Court Opinion

ID: 7076359
Source: CourtListenerOpinion
Date Created: 2022-07-24 08:16:46.103897+00
Date Added: 2024-06-11T16:12:47.134546
License: Public Domain

ROBB, Judge,
concurring with separate opinion.
I concur in the majority's opinion on rehearing, but write separately to address an additional area of concern: the State's calling of a witness it expected to give perjured testimony.
Even before reaching the question of whether J.J.'s counsel was ineffective for failing to inform the jury that D.S. was testifying pursuant to a grant of use immunity, I would note that J.J.'s counsel should have objected to the State calling D.S. at all. As noted by the majority, during the State's opening statement, the prosecutor said, "You're going to hear from [D.S.] and I tell you right now [D.S.] is going to sit there and he is going to ... he is going to lie and lie and lie. And he's going to lie when he's confronted with the truth." Record of Proceedings at 74. During closing arguments, the State said, "LD.S.] sat right there yesterday and [we] took his deposition.... [HJe professed to *253us yesterday that he didn't know that [J.J.] was going to commit a burglary. And he just wasn't truthful.... And he was certainly more candid today when he testified. . .." Id. at 185-86.
Indiana Evidence Rule 607 provides that "Itlhe credibility of a witness may be attacked by any party, including the party calling the witness." However, Indiana Code section 34-45-4-1 provides that except in certain cireumstances, "the party producing a witness shall not be allowed to impeach the credibility of the witness by evidence of bad character." Ind.Code § 34-45-4-1(a). In other words, "a party is forbidden from placing a witness on the stand when the party's sole purpose in doing so is to present otherwise inadmissible evidence cloaked as impeachment." Appleton v. State, 740 N.E.2d 122, 125 (Ind.2001). This has long been the rule in Indiana. In Slayton v. State, 481 N.E.2d 1300 (Ind.1985), our supreme court quoted a case from 1892, in which the court stated: "The rules of practice will not permit a party to call a witness closely connected with the [adversary] cause, and from whom he has [no] reason to expect favorable testimony, [and] then to assail the character of the witness by impeachment." Id. at 1303 (quoting Diffenderfer v. Scott, 5 Ind.App. 243, 32 N.E. 87, 89 (1892)). To determine whether the rule allowing impeachment of one's own witness has been abused, we consider whether the party examined the witness for the primary purpose of placing before the jury otherwise inadmissible evidence. Julian v. State, 811 N.E.2d 392, 397 (Ind.Ct.App.2004), trans. denied.

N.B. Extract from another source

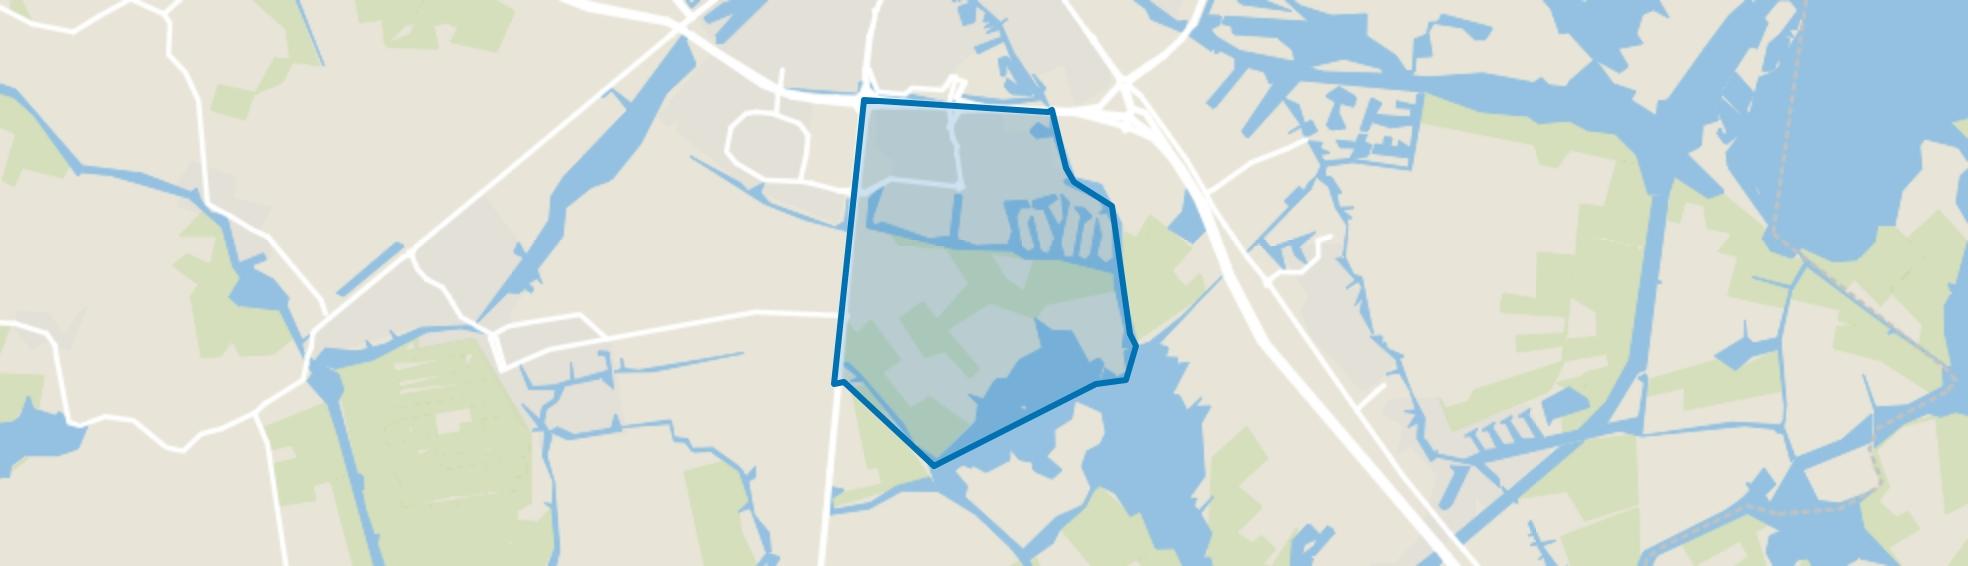 Duinterpen, Sneek map

In this case, the State did not actually impeach D.S. during D.S's testimony. However, it is clear from the State's comments during the hearing on its petition to grant D.S. use immunity and from its opening statement and closing argument that it fully expected and intended to impeach D.S. from the moment it called him to the stand and it was only D.S.'s unexpected truthful testimony that kept the State from doing so. In discussing with the court its petition for use immunity for D.S. prior to the beginning of the trial, the State said:
I would represent to the Court the testimony that I'm going to put on I don't believe ... actually, I'm not ... I'm not one hundred percent sure what to believe and what not to believe. I believe a good part of it is impeachable. I believe a good part of it is probably not true. And I would submit to the Court that I won't be presenting it as ... I won't be submitting to the jury that they should rely on all this boy's testimony to be true. But there are parts of his testimony that do fit into a circumstantial puzzle that make my case.
Record of Proceedings at 54. The State informed the jury during its opening statement that D.S. was a liar, and expressed during closing argument that D.S.'s testimony was "candid," but not what it had expected when it called him to the stand. The State should never have been allowed to call D.S. to the stand with the stated intention to impeach his expected testimony, and J.J.'s counsel was ineffective for failing to object to the State doing so.
With that addition, I agree with the majority's analysis of J.J.'s counsel's failure to ensure that the jury was informed that D.S. had been granted use immunity for his testimony, and therefore concur in the majority's opinion.